Para un isleño, vivir lejos del mar, del sol, es un castigo.
Hacerlo rodeado de nieve, utilizando cuatro juegos de ropa encima, encerrado entre calentadores, lo es todavía más.
Suena a castigo.
Si Carlos Joaquín piensa que ser embajador es un premio, tardará muy pocos días, horas tal vez, en descubrir la verdad. En darse cuenta de que llegará a una oficina donde no ha habido un centavo, en años, para comprar una silla. Tampoco galletas.
Es decir, el ya exgobernador tendrá que poner dinero de su bolsa, ejercicio que no le gusta mucho, para comprar el café que va a beberse.
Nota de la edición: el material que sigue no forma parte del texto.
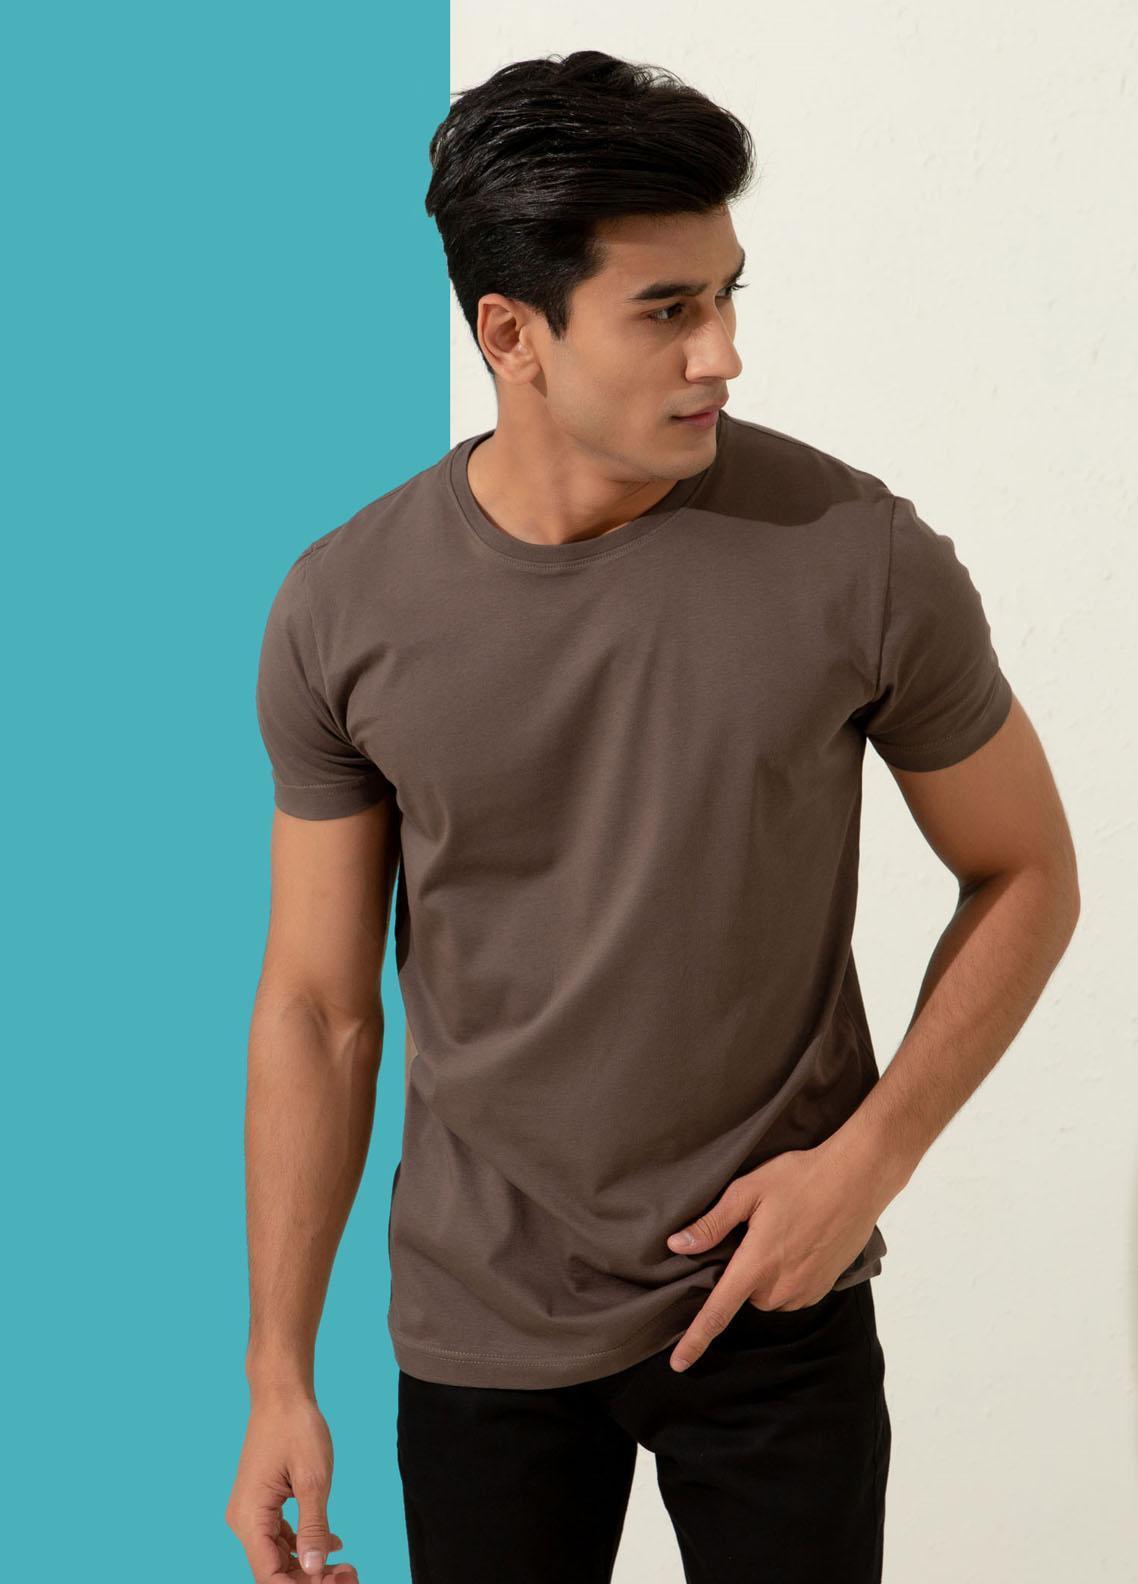 Brumano Cotton Formal T-Shirts for Men -  Basic Brown Crew Neck T-shirt
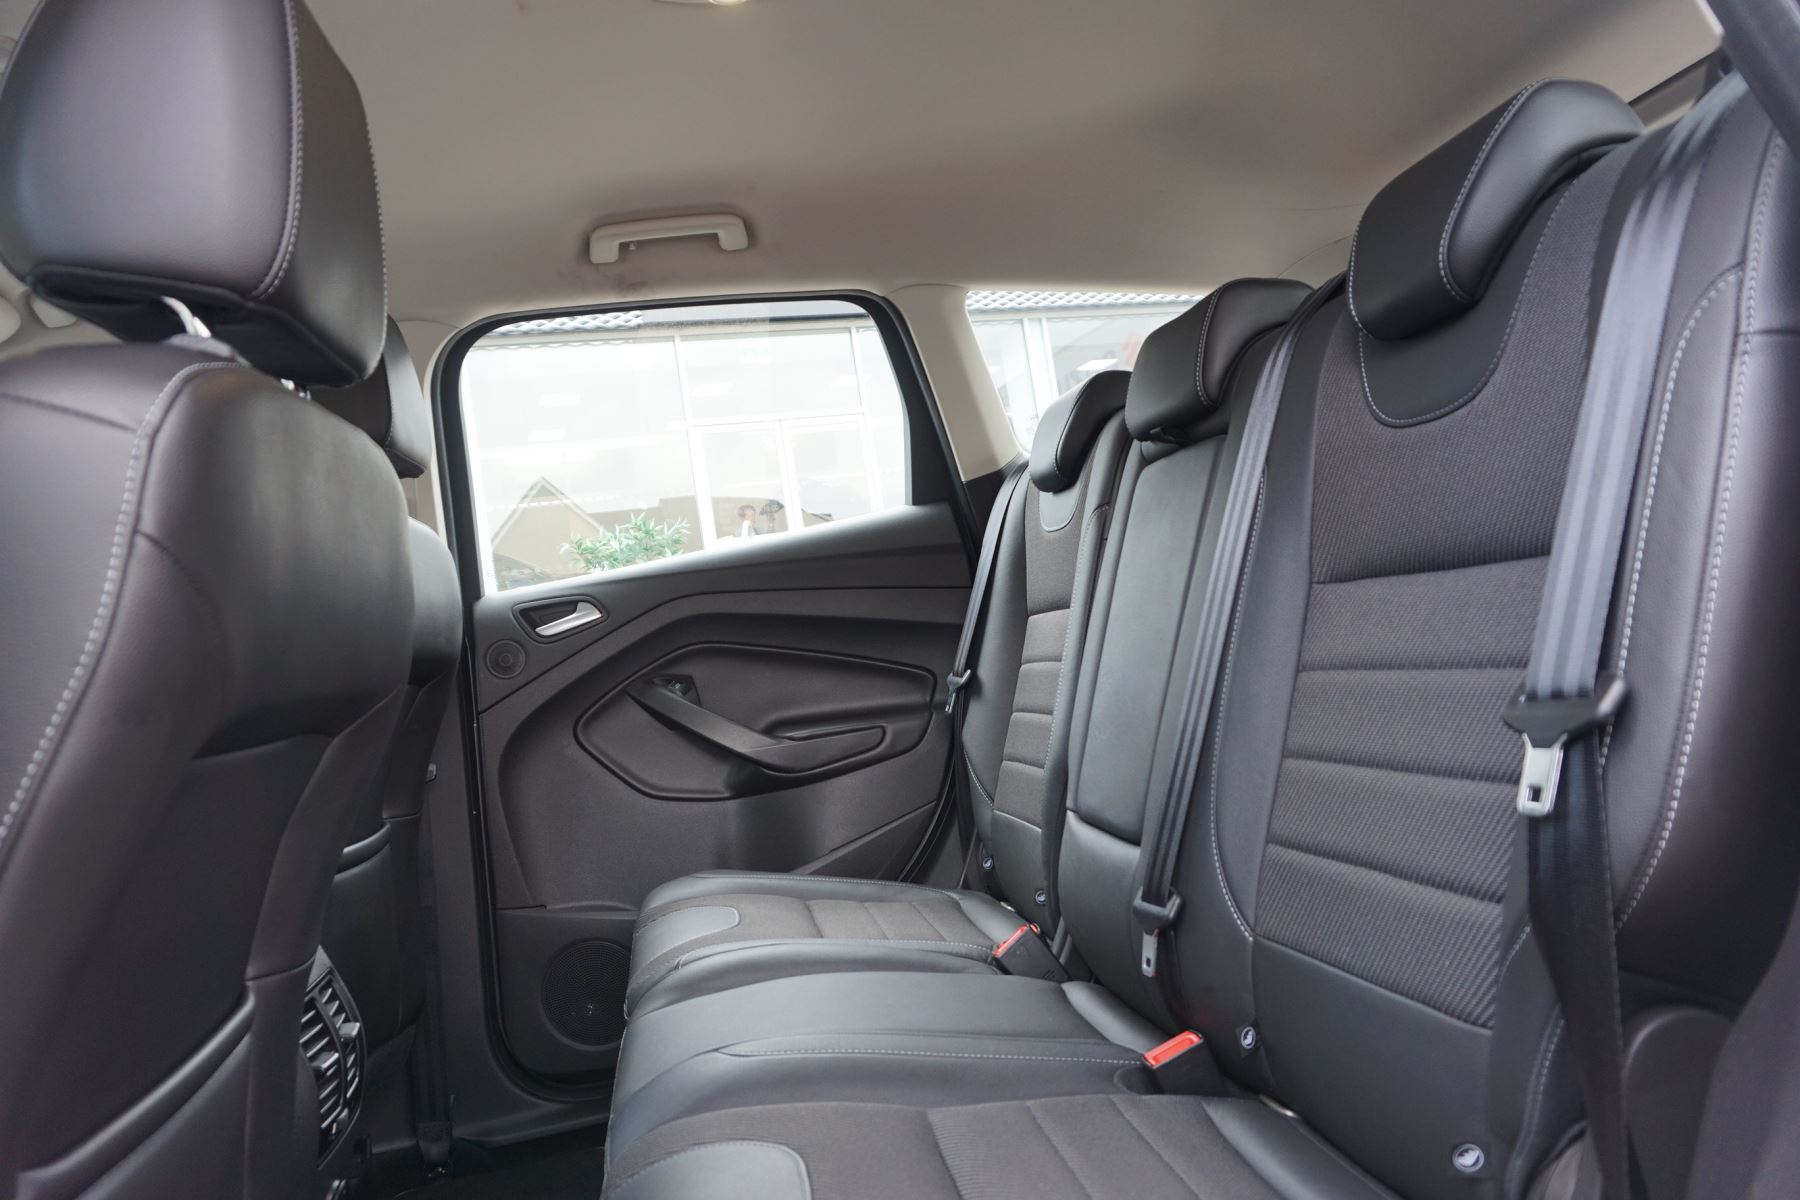 Ford Kuga 2.0 TDCi Titanium 2WD image 9

En ese clima de frío, congelamiento en todos sentidos, tendrá que hablar permanentemente inglés, lo que no es igual que utilizar otro idioma a ratos; pensar en diferente lengua cuesta trabajo.
¿Y con quién va a trabajar? Con funcionarios que ya están ahí, que ya fueron nombrados por otras personas. No su secretaria, ni el chofer, ni un asistente puede ser nombrado por él. Para las costumbres de un gobernador que todo controlaba está difícil. Funcionarios que tienen sistemas, formas y fondo, diferentes de trabajo. Y que no los cambiaran por su llegada. Incluso horarios, porque si suena el teléfono de emergencia con algún problema de un mexicano, lo despertarán de inmediato.
¿Dónde va a vivir? En una casa, afortunadamente para él, ya alquilada, que ya existe. Esto es una ganancia inmensa. Pero que tampoco ha tenido presupuesto para cambiar enseres, nada se puede comprar en una embajada o consulado sin permiso expreso de la Secretaría de Hacienda; ni siquiera una licuadora o un par de sábanas. Con una tramitología que puede tardar seis meses en aprobarse. Residencia oficial que será 10 veces más pequeña que la casa de gobierno en Chetumal.
Y de coches ni hablemos. No se pueden cambiar, los viejitos que encuentre, lo descuadrados que estén, de cara a los Mercedes de otros embajadores.
A todo lo anterior deberá sumarse la infinita cantidad de correos institucionales que deberá leer y responder, de papeles a firmar, de asuntos de todo tipo que necesitarán su burocrática aprobación.
Sin presupuesto quiere decir sin presupuesto, punto. Sin que haya un centavo que llegue a la Embajada sin estar etiquetado para pagar servicios y sueldos, punto final. Porque ya no le tocó decidir sobre la fiesta del 15 de septiembre. Eso se traduce a que si va a reunirse con empresarios o personas importantes para ese turismo que debe promover, lo tendrá que hacer con su propia tarjeta de crédito. No se le pagará ni un desayuno de trabajo.
Ser pobre franciscano en el frío de bajo cero de Canadá no es el paraíso.